NEWS

Islamophobia: A reminder of Japanese-American internment

Mark Curnutte
mcurnutte@enquirer.com

At various times in his life and the lives of other members of the Sikh faith living here – the Persian Gulf wars, the aftermath of the 9/11 attacks and the current climate of anti-Islam rhetoric and violence – Jaipal Singh says he has been misidentified as a Muslim and targeted. He says his religion and common decency require him to stand with Muslims and against injustice.

In 1942, at age 7, the youngest of five children living in a small northern California town, Gordon Yoshikawa was sent with his mother and later his father to an internment camp for Japanese-Americans near the Oregon border. They were incarcerated for more than three years before moving to Cincinnati. He says frightening similarities in today's political landscape to national attitudes at the start of World War II require him to speak out on behalf of American Muslims.

The Manzanar War Relocation Center was in the desert near Independence, California.

Singh and Yoshikawa are two of four panelists who will participate Saturday at the University of Cincinnati in an event, "From Citizen to Enemy? Looking back at Japanese American incarceration to understand modern-day Islamophobia." The two-hour event will begin at 2 p.m. at the UC College of Law.

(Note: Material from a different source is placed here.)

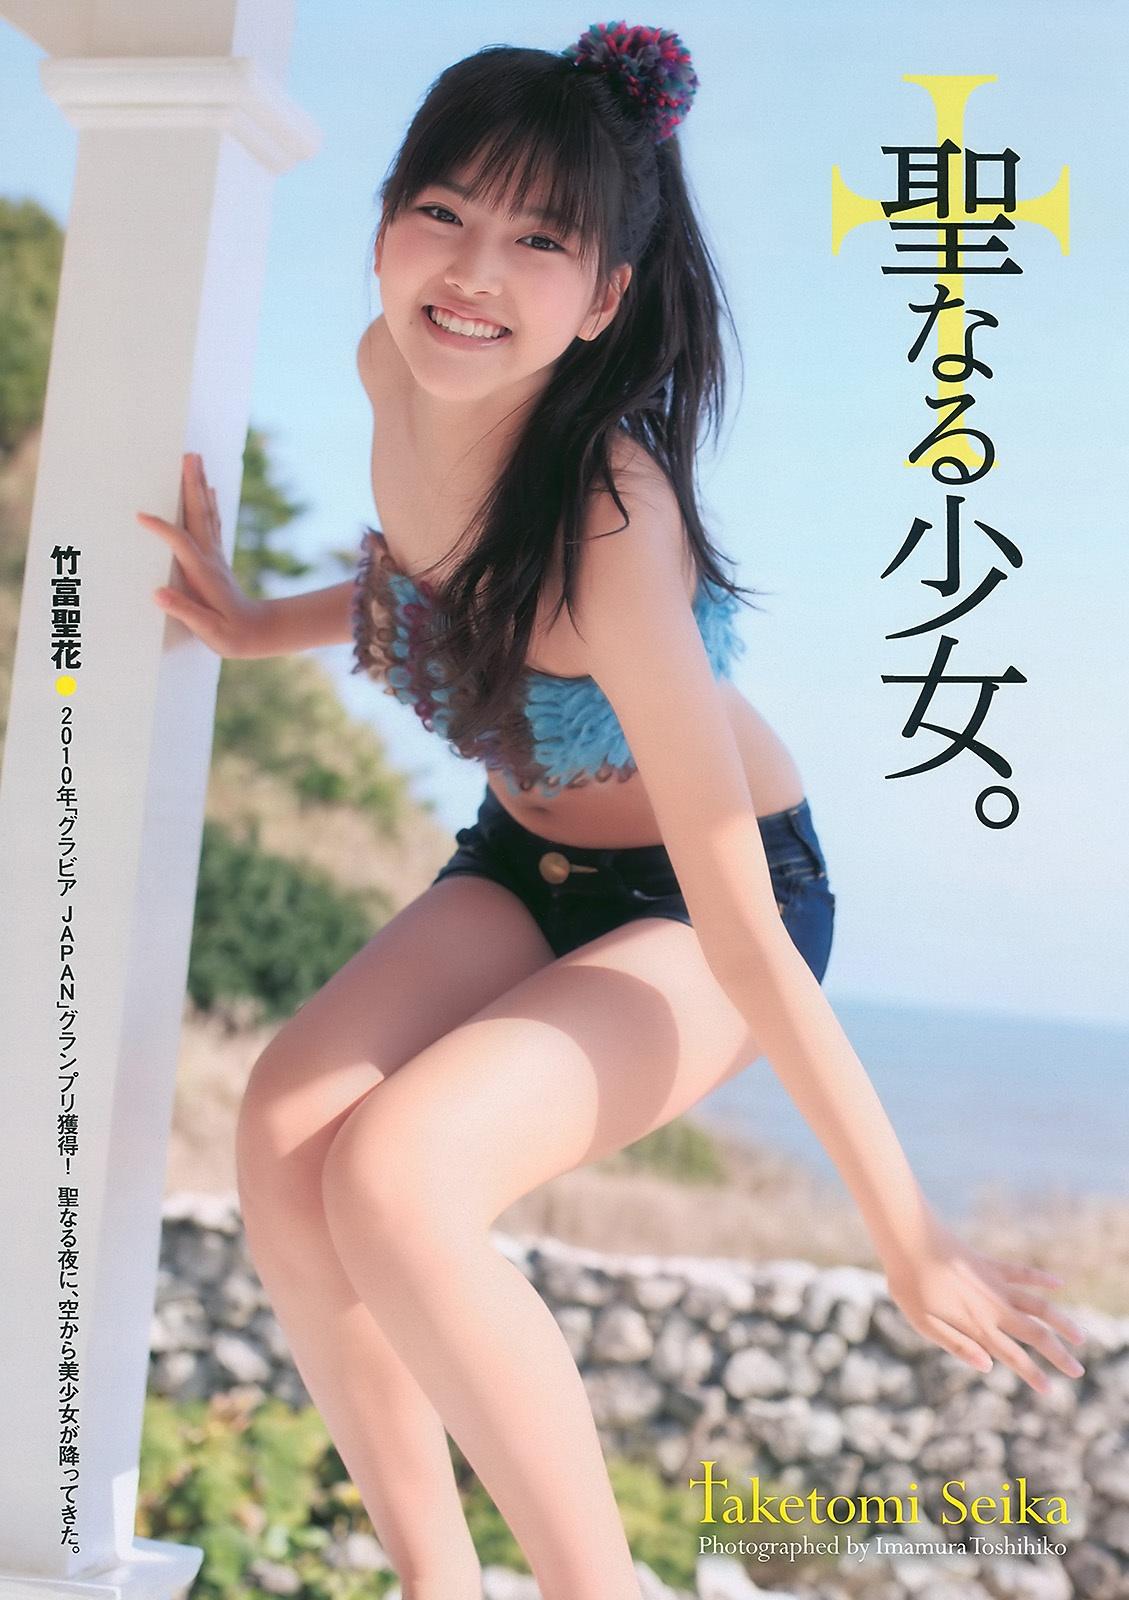 Taketomi Seika 竹富聖花

Another panelist, Roula Allouch, a Cincinnati lawyer and national leader of a major Muslim-advocacy group, welcomes the support of people from outside of American Islam.

"It's uplifting and inspiring to hear them," said Allouch, 36, now in her second two-year term as chair of the Council on American-Islamic Relations (CAIR) board. "We can overcome. Our values and principles are better than what happened to Japanese-Americans, what is happening to Muslim-Americans today and the ongoing treatment of African-Americans. We are better than that.

"We all know the danger of history repeating itself. The parallels are staggering. We have to know our history."

Alarmed by the heightened state of anti-Islam rhetoric and violence against Muslims – how it echoes the past – leaders of the Cincinnati chapter of the Japanese American Citizens League approached the local CAIR office and proposed the public event. Leaders of the local Sikh community and leadership of the Greater Cincinnati Chinese Chamber of Commerce, in the person of its executive director, Tessa Xuan, joined the effort.

"We recognize what happened to the Japanese-American community was so wrong in so many ways," said Karen Dabdoub, executive director of CAIR Ohio-Cincinnati. "And they said they didn't want to see the `otherizing and demonizing' of another community."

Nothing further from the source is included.